Dropout.backward(dX)[source]

Wrapper for epynn.dropout.backward.dropout_backward().

Parameters

dX (numpy.ndarray) – Output of backward propagation from next layer.

Returns

Output of backward propagation for current layer.

Return type

numpy.ndarray

def dropout_backward(layer, dX):
    """Backward propagate error gradients to previous layer.
    """
    # (1) Initialize cache
    dA = initialize_backward(layer, dX)

    # (2) Apply the dropout mask used in the forward pass
    dX = dA * layer.fc['D']

    # (3) Scale up gradients
    dX /= (1 - layer.d['d'])

    layer.bc['dX'] = dX

    return dX    # To previous layer

The backward propagation function in a Dropout layer k includes:

  • (1): dA the gradient of the loss with respect to the output of forward propagation A for current layer k. It is equal to the gradient of the loss with respect to input of forward propagation for next layer k+1.

  • (2): The gradient of the loss dX with respect to the input of forward propagation X for current layer k is equal to the product between dA and the dropout mask D.

  • (3): Values in dX are scaled-up with respect to fraction of data point that were set to zero by the dropout mask D.
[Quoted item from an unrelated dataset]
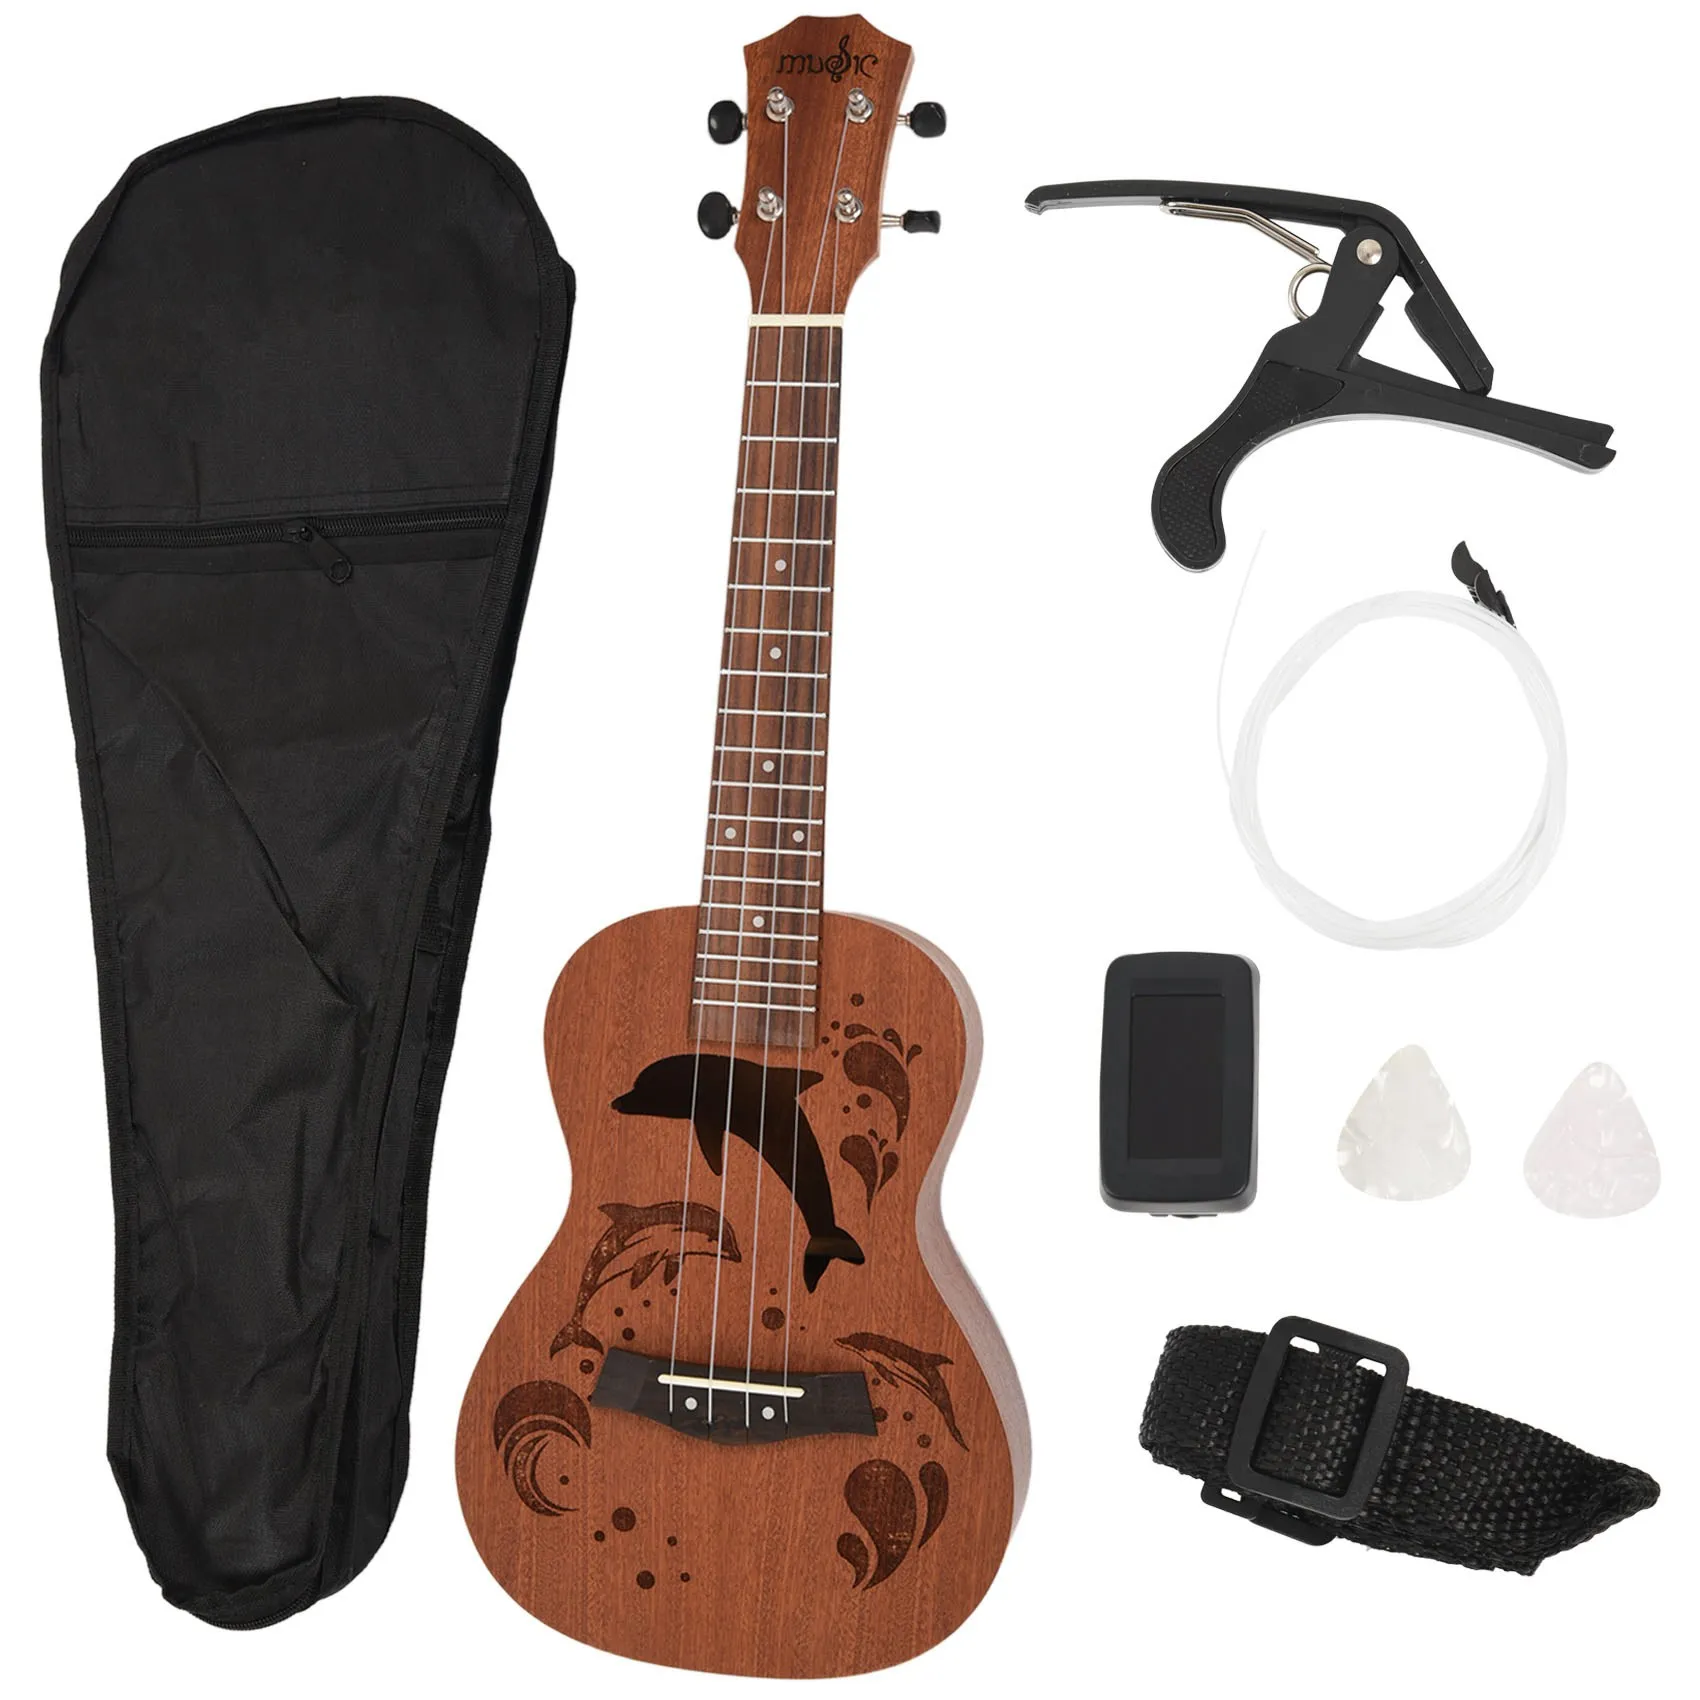 

Concert Ukulele Kits 23 Inch 4 Strings Acoustic Guitar With Bag Tuner Capo Strap Stings Picks For Beginner

\[\begin{split}\begin{alignat*}{2} & \delta^{\kp}_{mn} &&= \frac{\partial \mathcal{L}}{\partial a^{k}_{mn}} = \frac{\partial \mathcal{L}}{\partial x^{\kp}_{mn}} \tag{1} \\ & \delta^{k}_{mn} &&= \frac{\partial \mathcal{L}}{\partial x^{k}_{mn}} = \frac{\partial \mathcal{L}}{\partial a^{\km}_{mn}} = \frac{\partial \mathcal{L}}{\partial a^{k}_{mn}} * D'^{k}_{mn} * \frac{1}{(1-d)} \tag{2} \\ \end{alignat*}\end{split}\]

Gradients

Dropout.compute_gradients()[source]

Wrapper for epynn.dropout.parameters.dropout_compute_gradients(). Dummy method, there are no gradients to compute in layer.

The Dropout layer is not a trainable layer. It has no trainable parameters such as weight W or bias b. Therefore, there is no parameters gradients to compute.